## Problem statement
Look below for the line containing "English travel print" and the line containing "wizkidsgames We're excited", then set down both and every line between them exactly, without pictures.

··· Exercise data

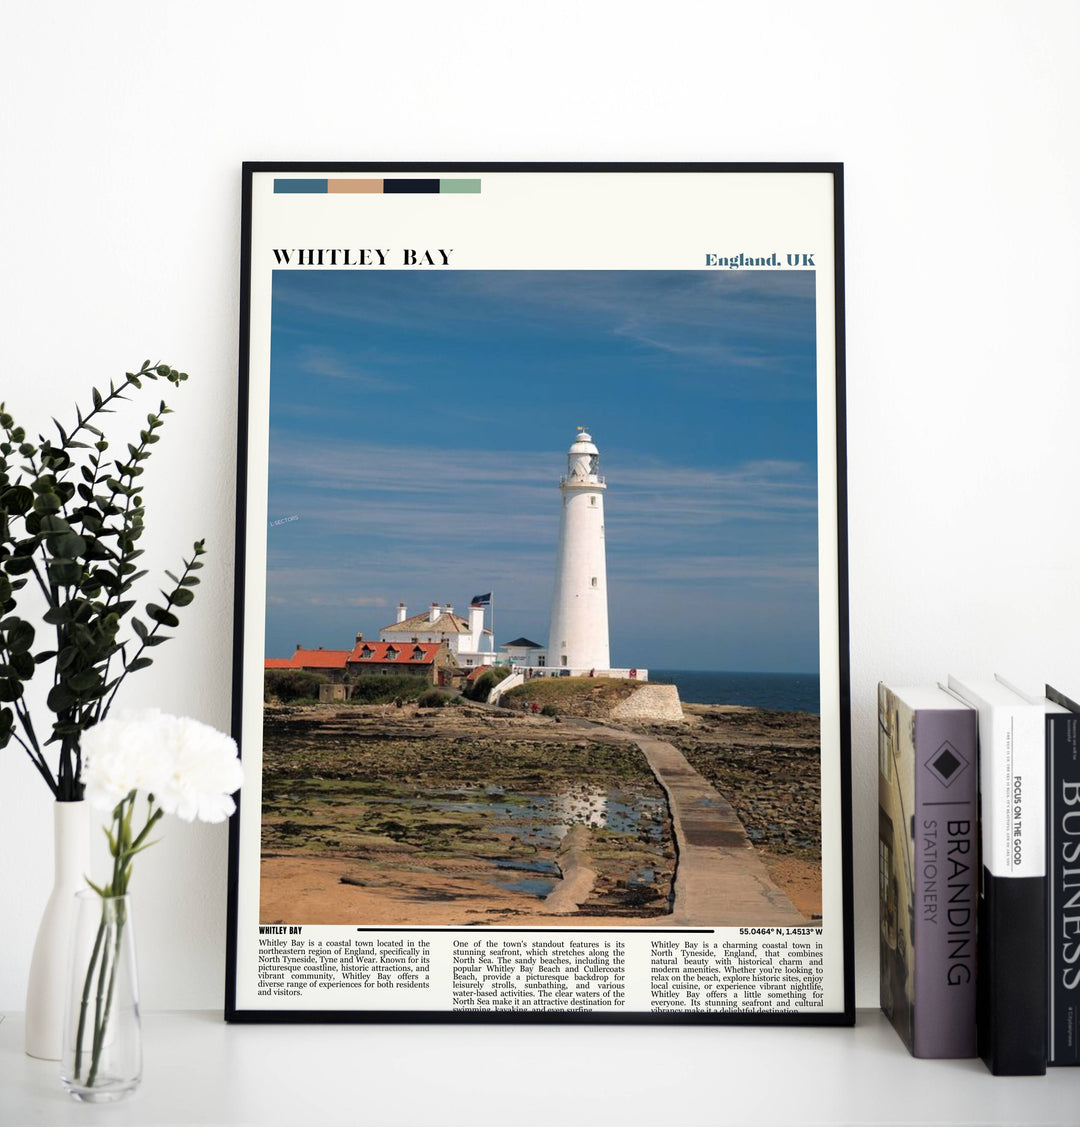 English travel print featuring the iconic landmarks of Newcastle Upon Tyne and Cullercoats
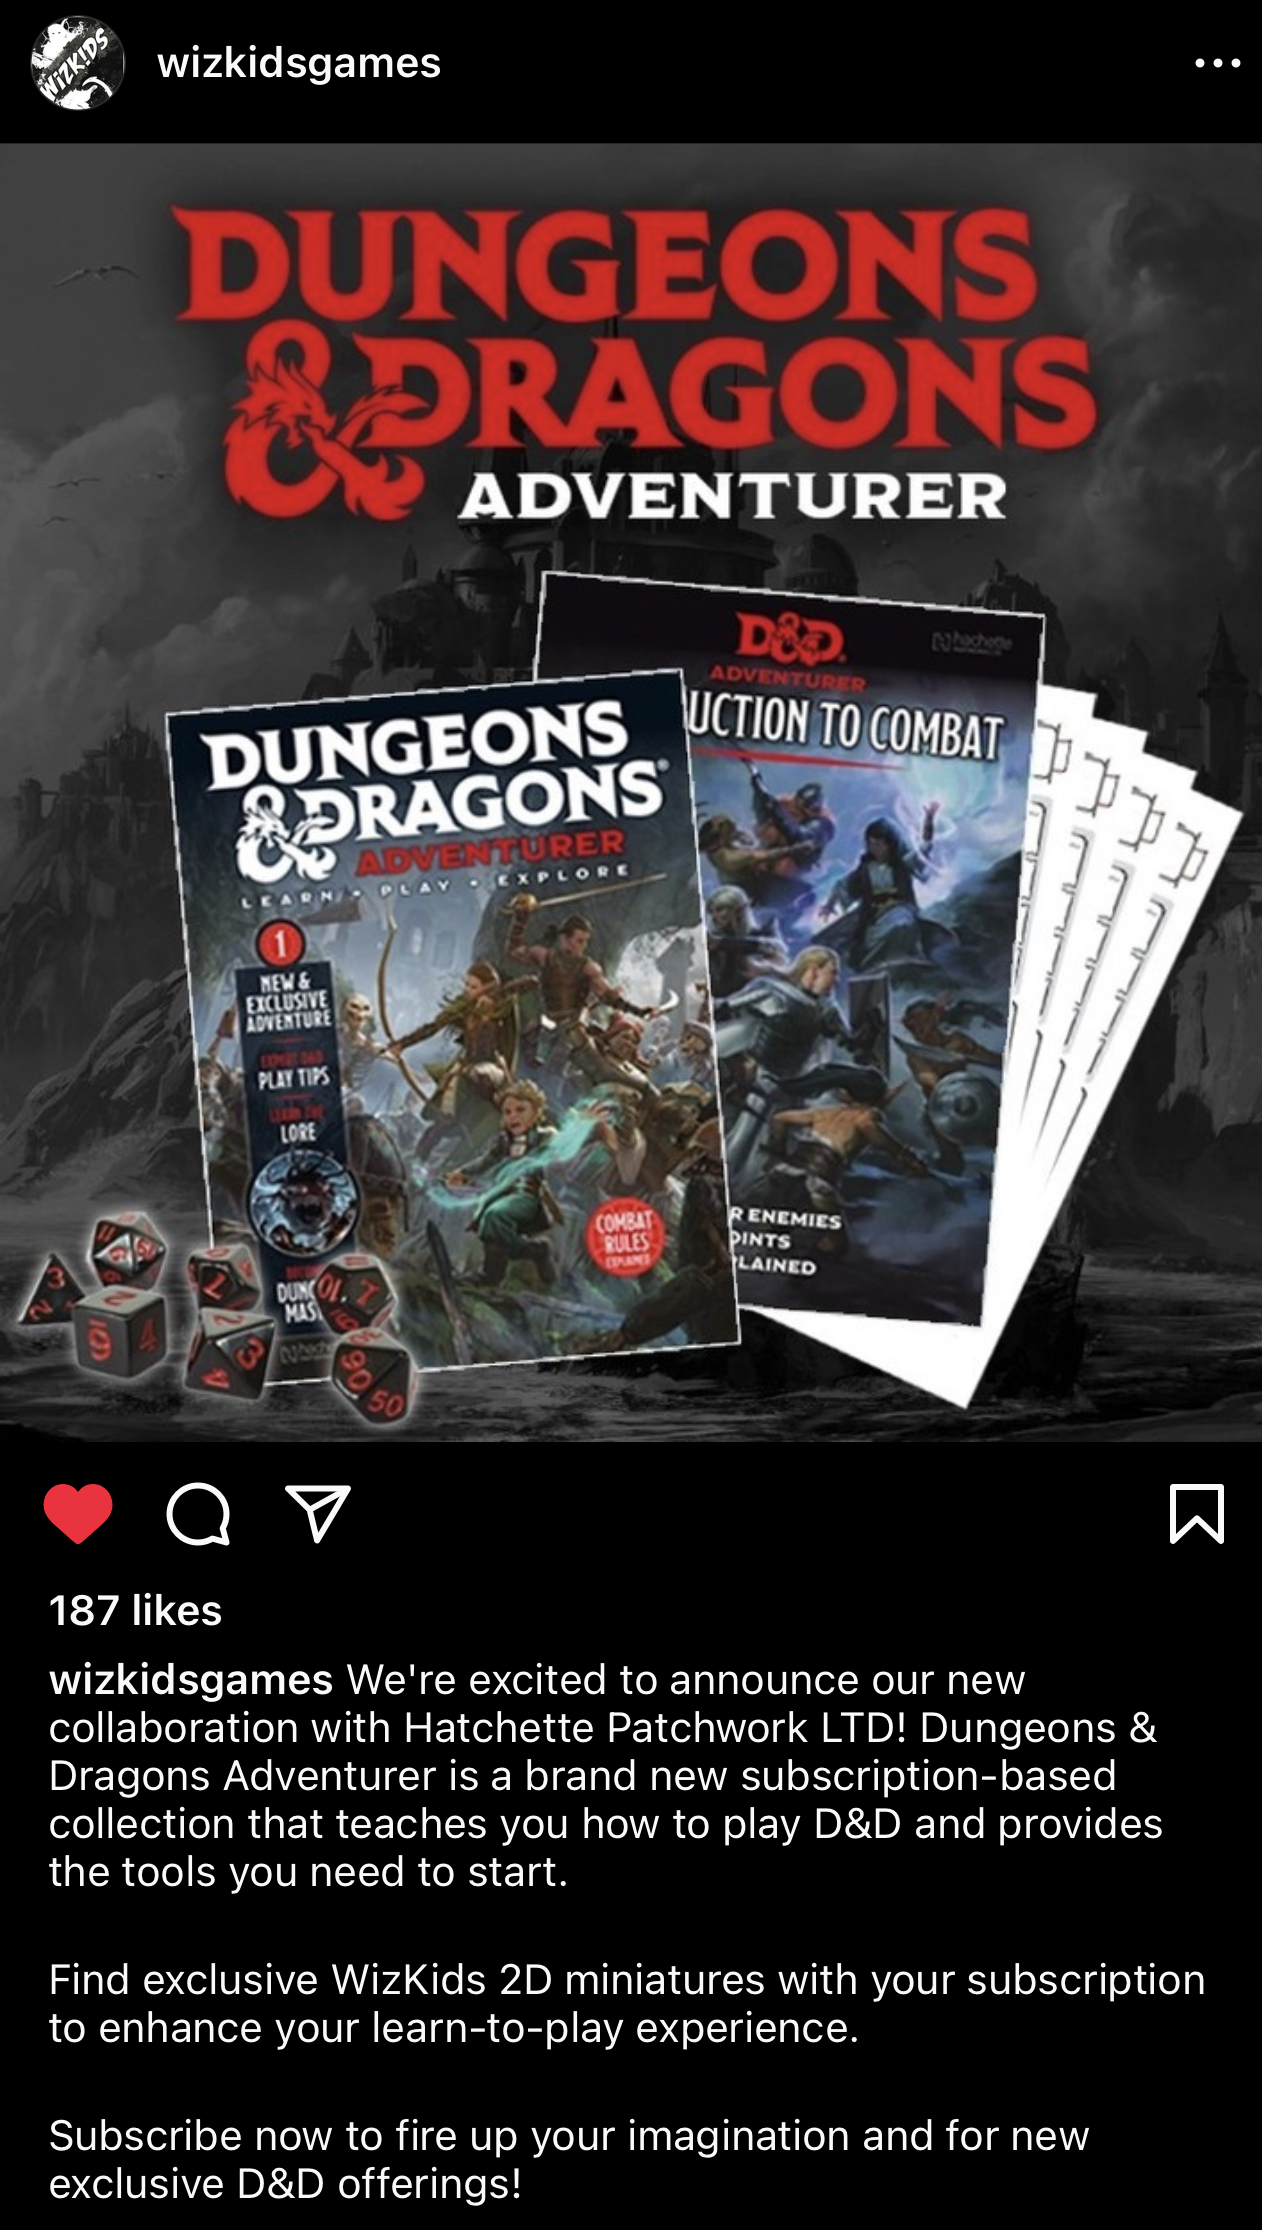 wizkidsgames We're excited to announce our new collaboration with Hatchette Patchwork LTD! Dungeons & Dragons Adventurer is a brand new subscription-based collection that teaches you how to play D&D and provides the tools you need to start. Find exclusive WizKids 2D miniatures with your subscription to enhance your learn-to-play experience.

······
··· Exercise data

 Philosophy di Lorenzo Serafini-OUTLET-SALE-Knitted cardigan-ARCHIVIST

······
··· Exercise data

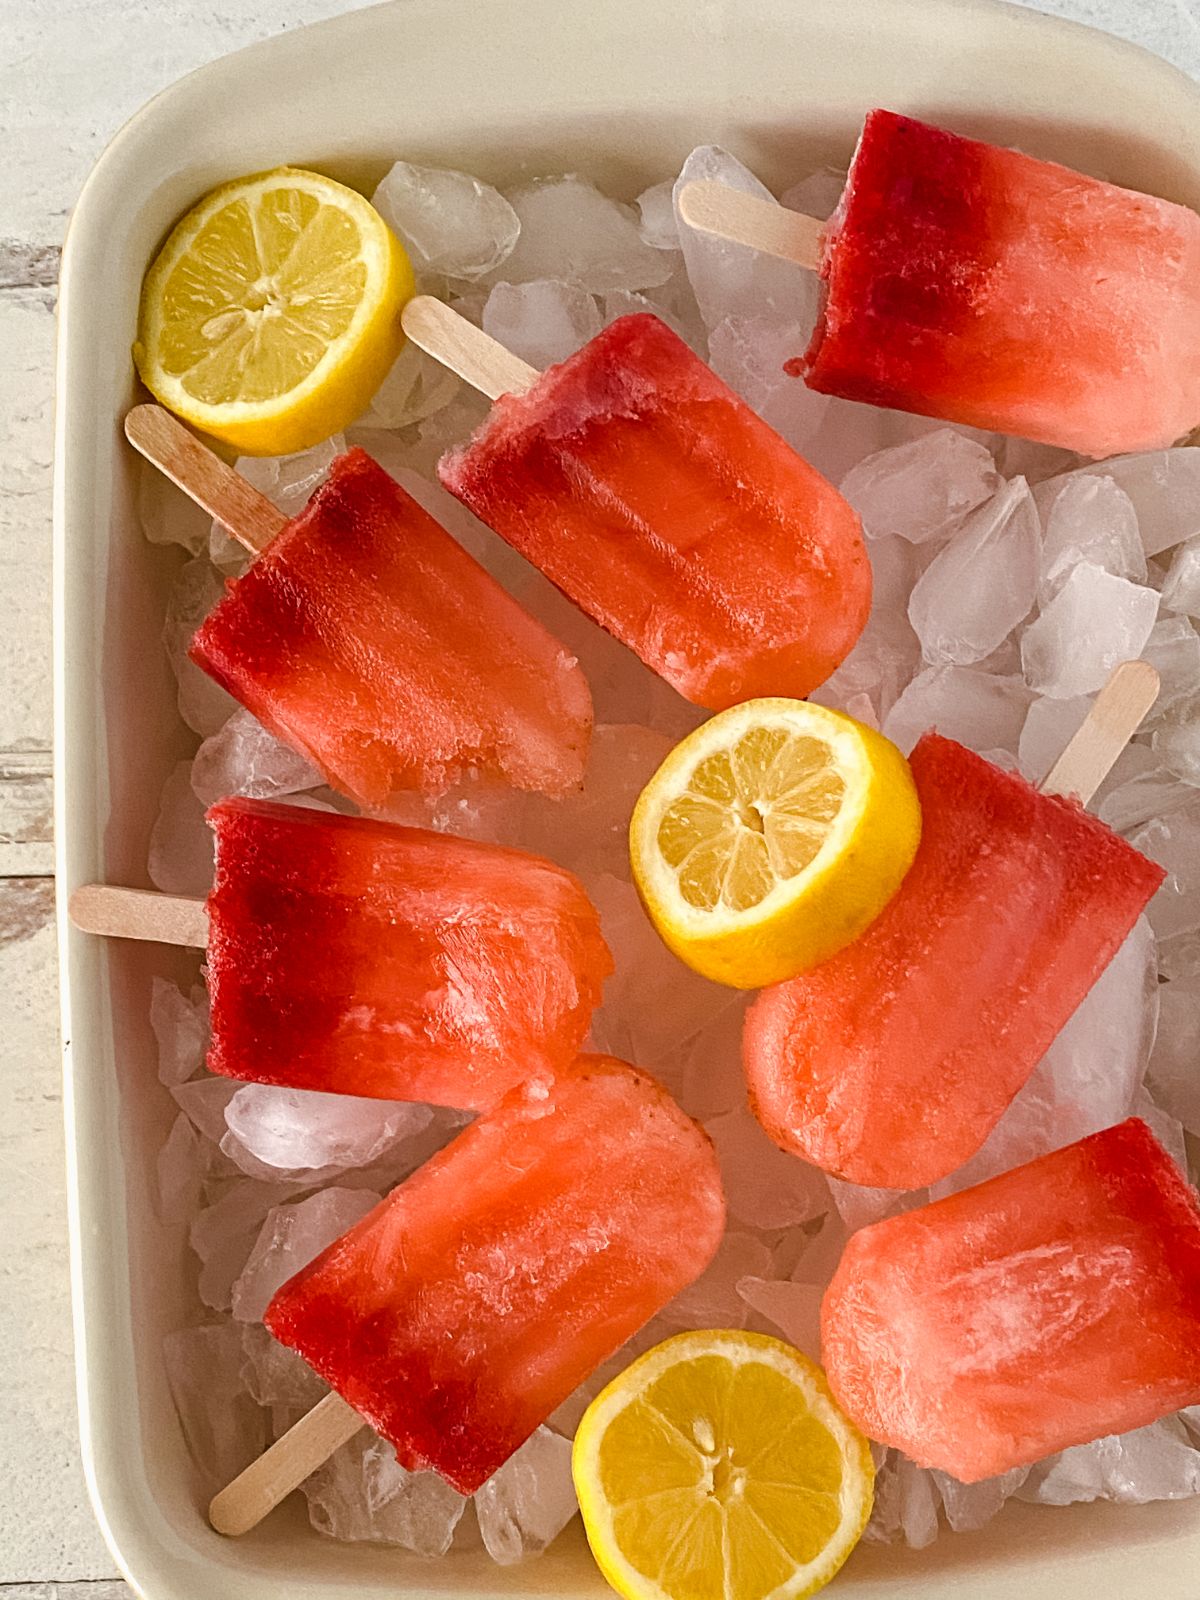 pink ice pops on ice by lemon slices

······

## Response area
 English travel print featuring the iconic landmarks of Newcastle Upon Tyne and Cullercoats
 wizkidsgames We're excited to announce our new collaboration with Hatchette Patchwork LTD! Dungeons & Dragons Adventurer is a brand new subscription-based collection that teaches you how to play D&D and provides the tools you need to start. Find exclusive WizKids 2D miniatures with your subscription to enhance your learn-to-play experience.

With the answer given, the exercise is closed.